Designing for Being-With: Presence Without Personhood in Conversational Human-AI Interaction
Hector Michael Fried, Robin Hill

TL;DR
This paper proposes a design approach for conversational AI that emphasizes relational presence without implying personhood, focusing on ethical interaction in sensitive contexts.
Contribution
It introduces the concept of bounded relational presence and offers design principles to manage relational engagement ethically without overreach.
Findings
Developed principles for designing bounded relational presence.
Demonstrated how presence can be tuned and withdrawn intentionally.

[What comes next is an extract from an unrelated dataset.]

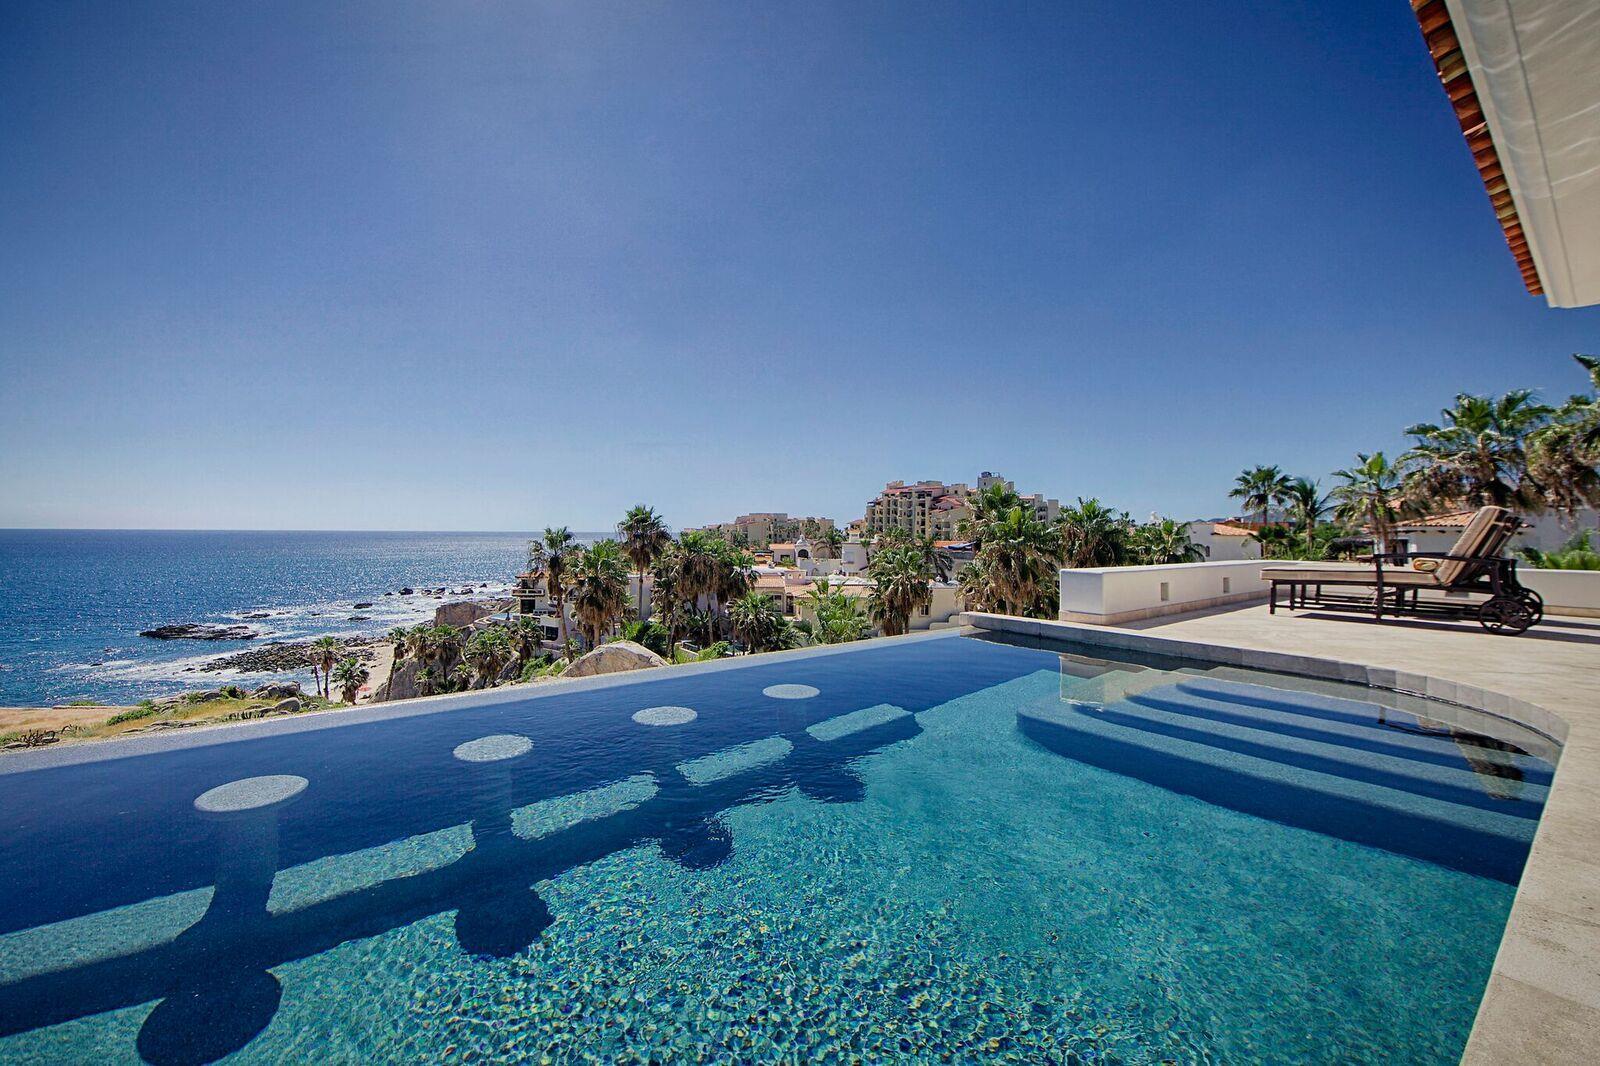 Beachfront / Oceanview,Cabo San Lucas real estate, Cabo San Lucas Baja California Sur real estate
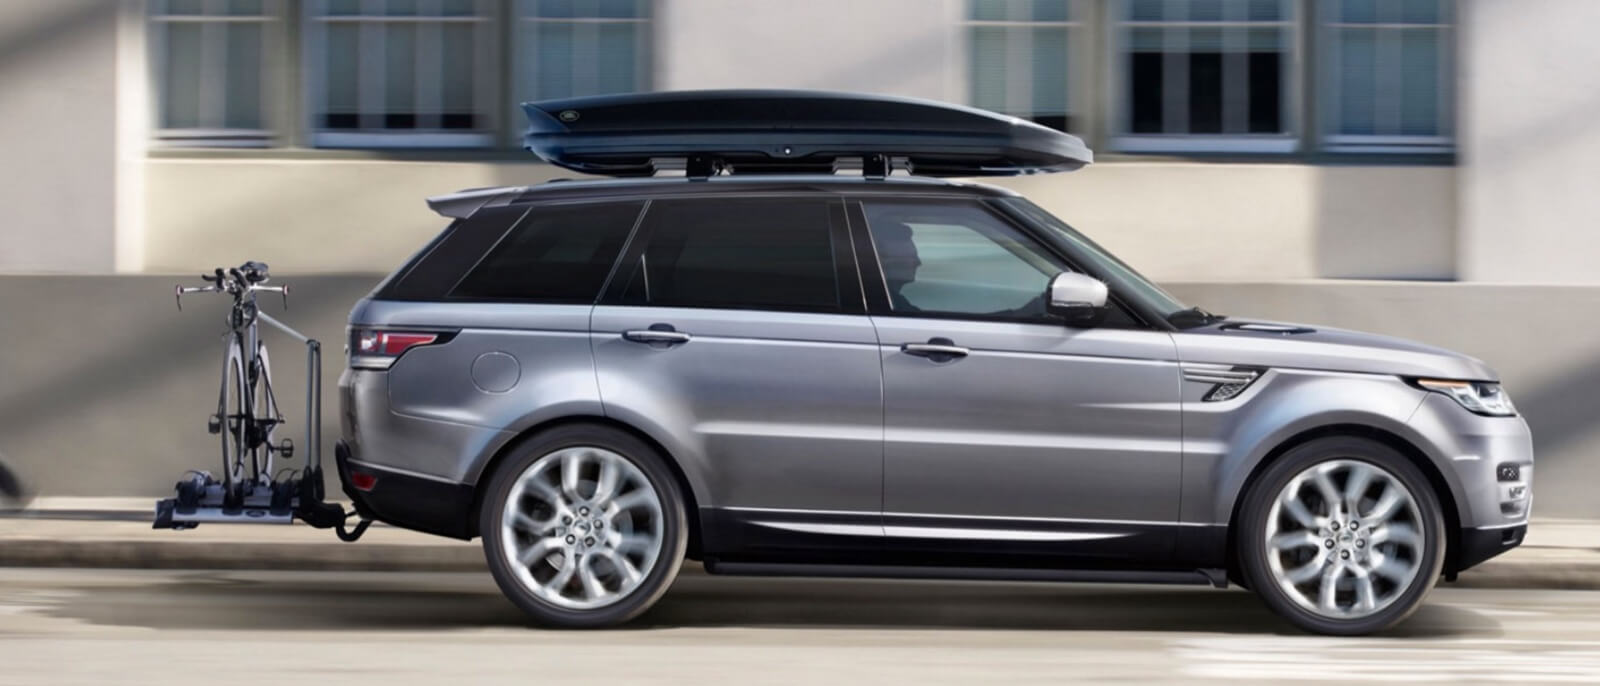 2016 Range Rover Sport profile view

Provided ethnographic insights into conversational agent deployment.
Abstract
Conversational AI systems increasingly generate social presence through linguistic fluency, emotional mirroring, and continuity across interactions. While these qualities can support engagement, they also risk relational overreach-particularly in care-adjacent contexts where users may interpret fluent systems as empathic, competent, or authoritative. This position paper argues for a designerly alternative: being-with without becoming. Drawing on a program of research-through-design and design ethnography involving the design, deployment, and reflective analysis of conversational agents across public, educational, cultural, and care-adjacent settings, the paper introduces the concept of bounded relational presence. Bounded presence supports attentiveness, continuity, and responsiveness while explicitly avoiding claims of personhood, therapeutic authority, or human equivalence. Presence…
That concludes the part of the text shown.